───── Data segment ─────

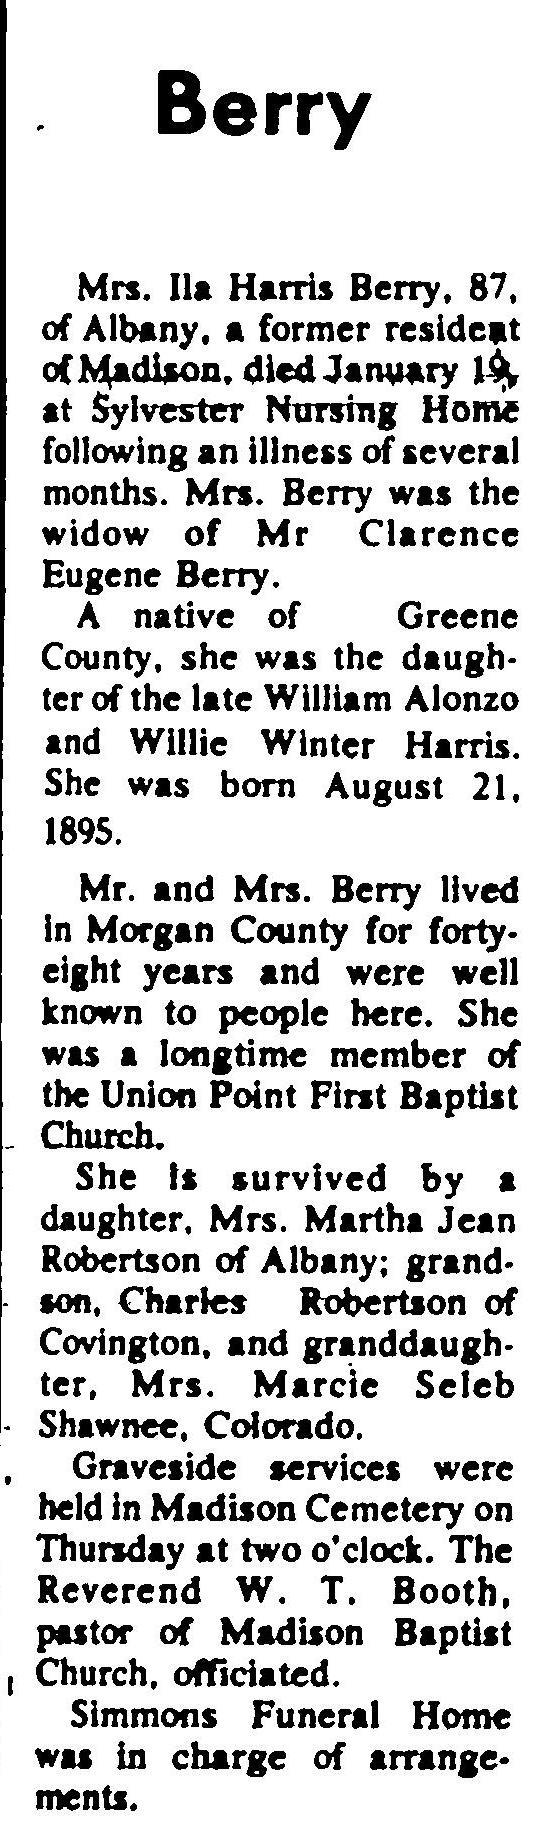 berry_ilalouiseharris_1983-obituary.jpeg
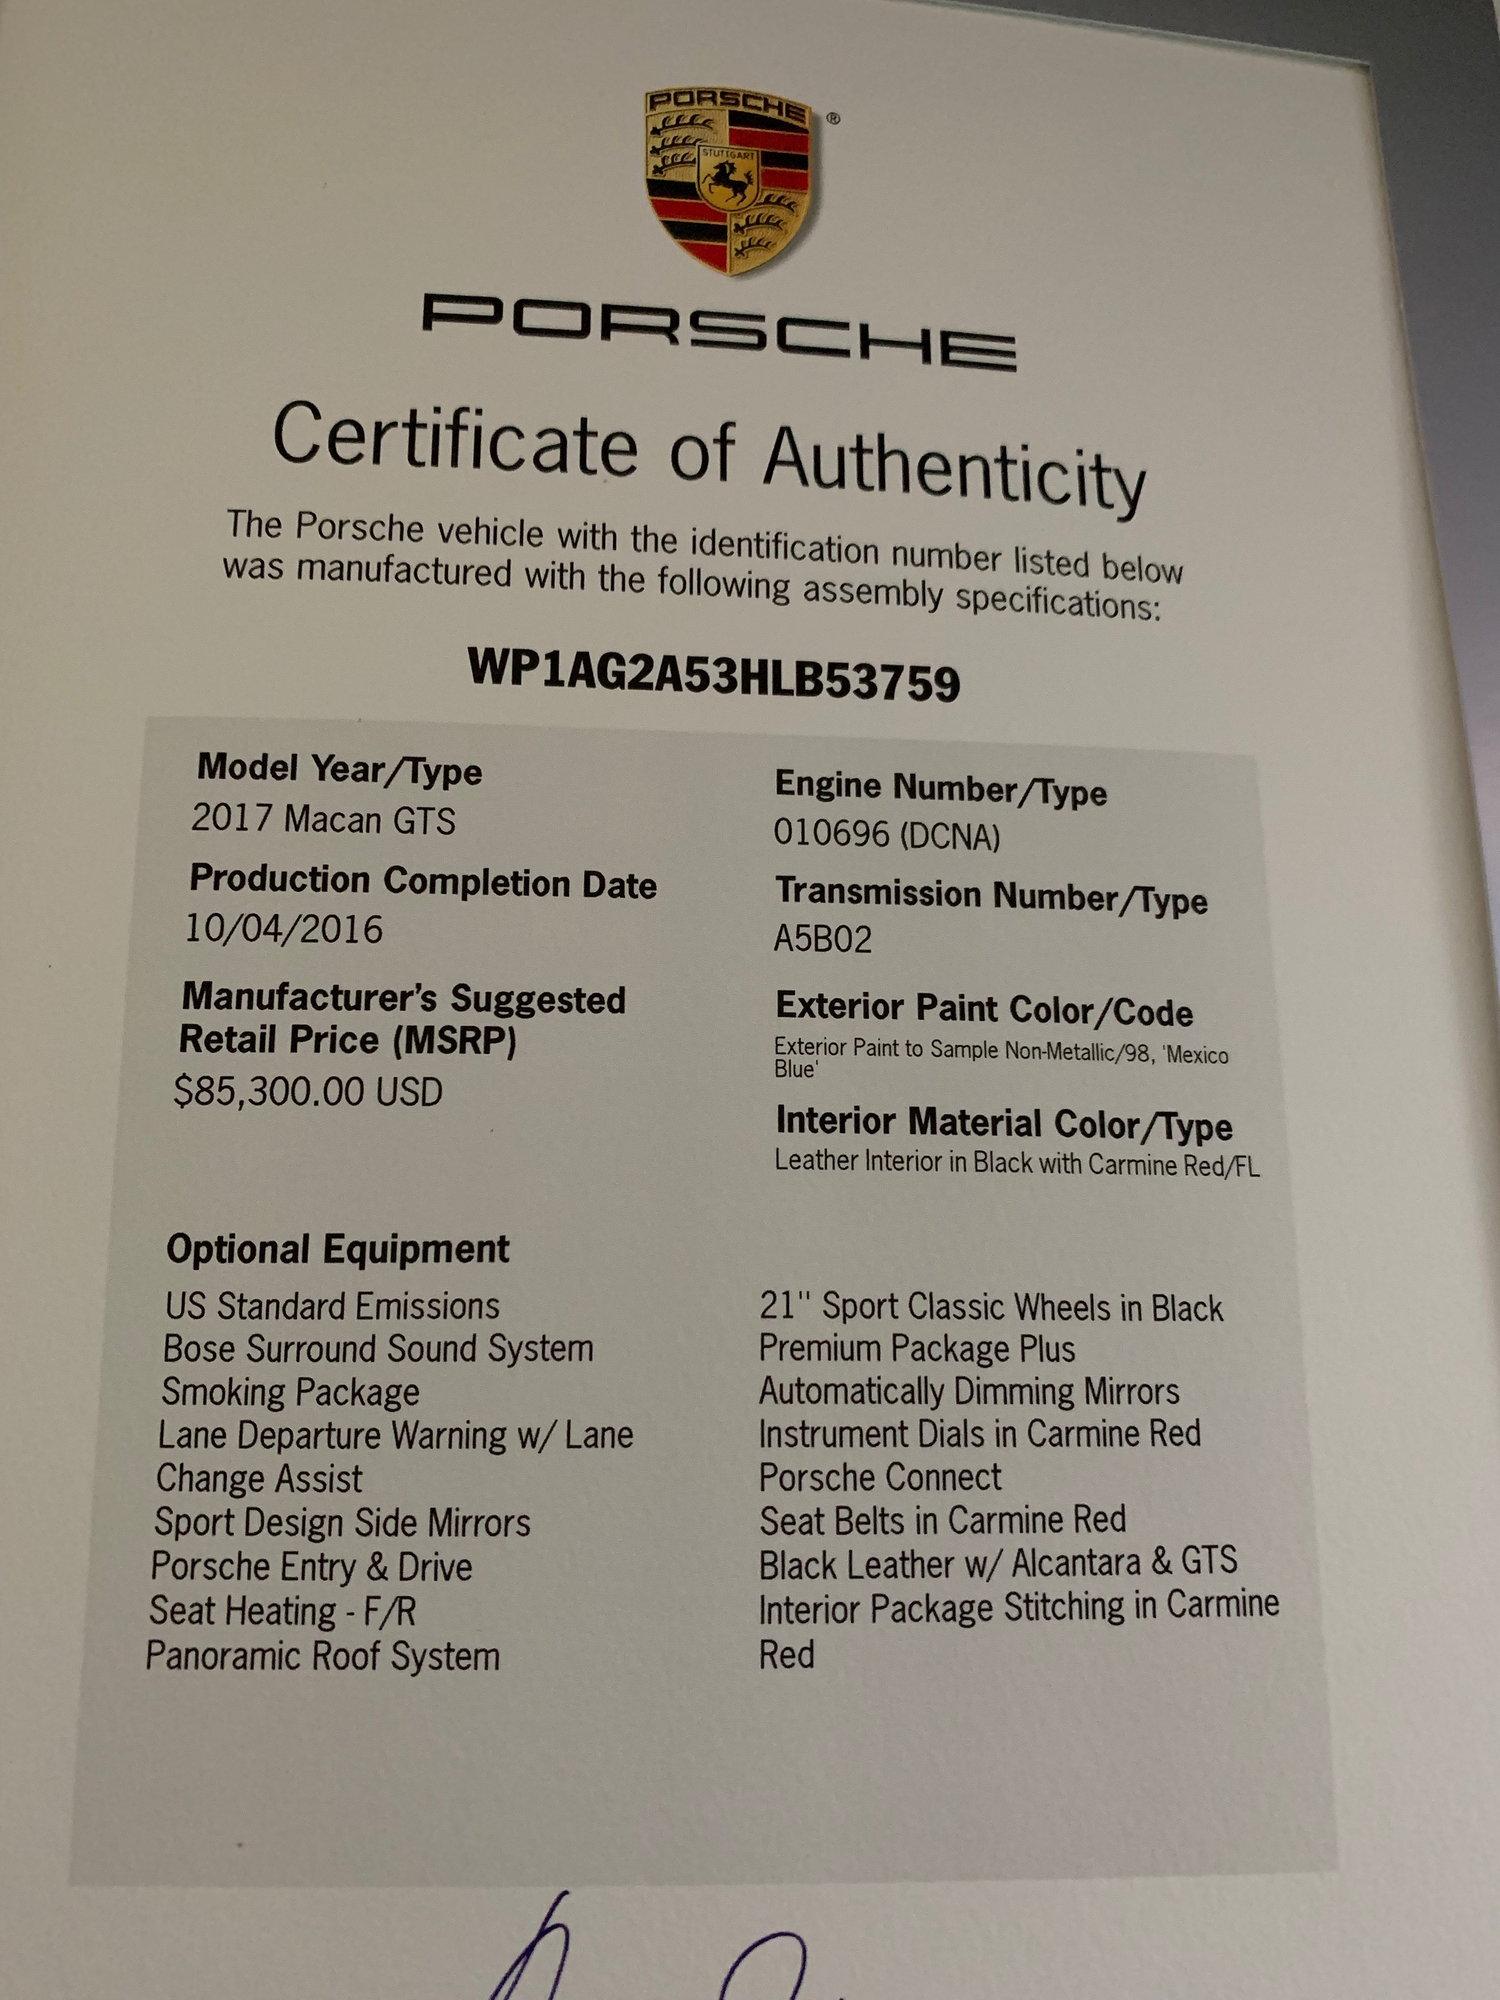 Porsche Macan GTS PTS Mexico Blue Exceptional - Rennlist - Porsche
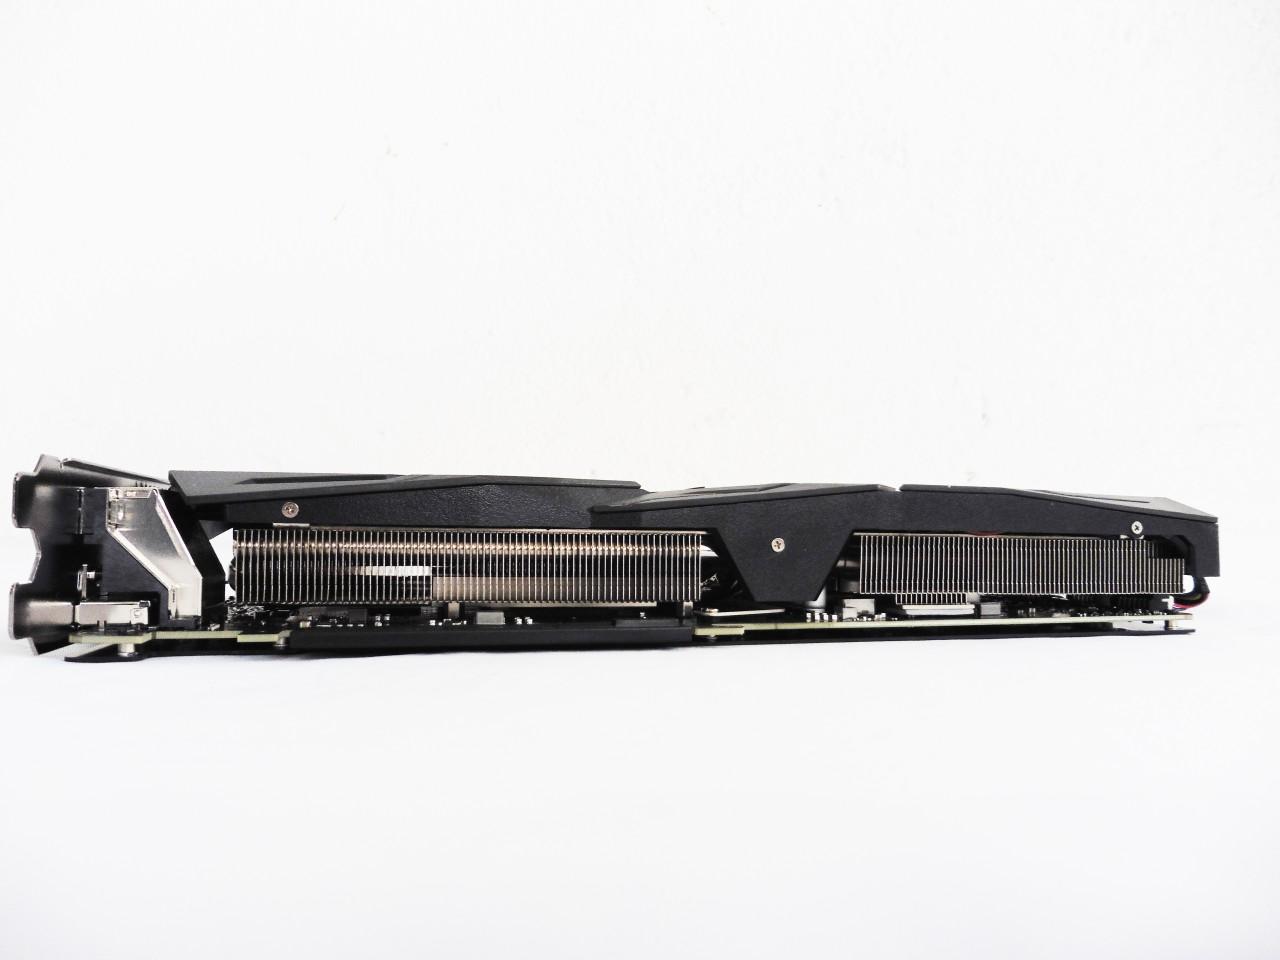 ASUS ROG Strix GeForce GTX 1070 Review 36

─────

### Exercise prompt
Restate word for word the lines above that start at the line containing "Porsche Macan GTS" and run to the end of the listing; exclude the pictures.

### Task result
 Porsche Macan GTS PTS Mexico Blue Exceptional - Rennlist - Porsche
 ASUS ROG Strix GeForce GTX 1070 Review 36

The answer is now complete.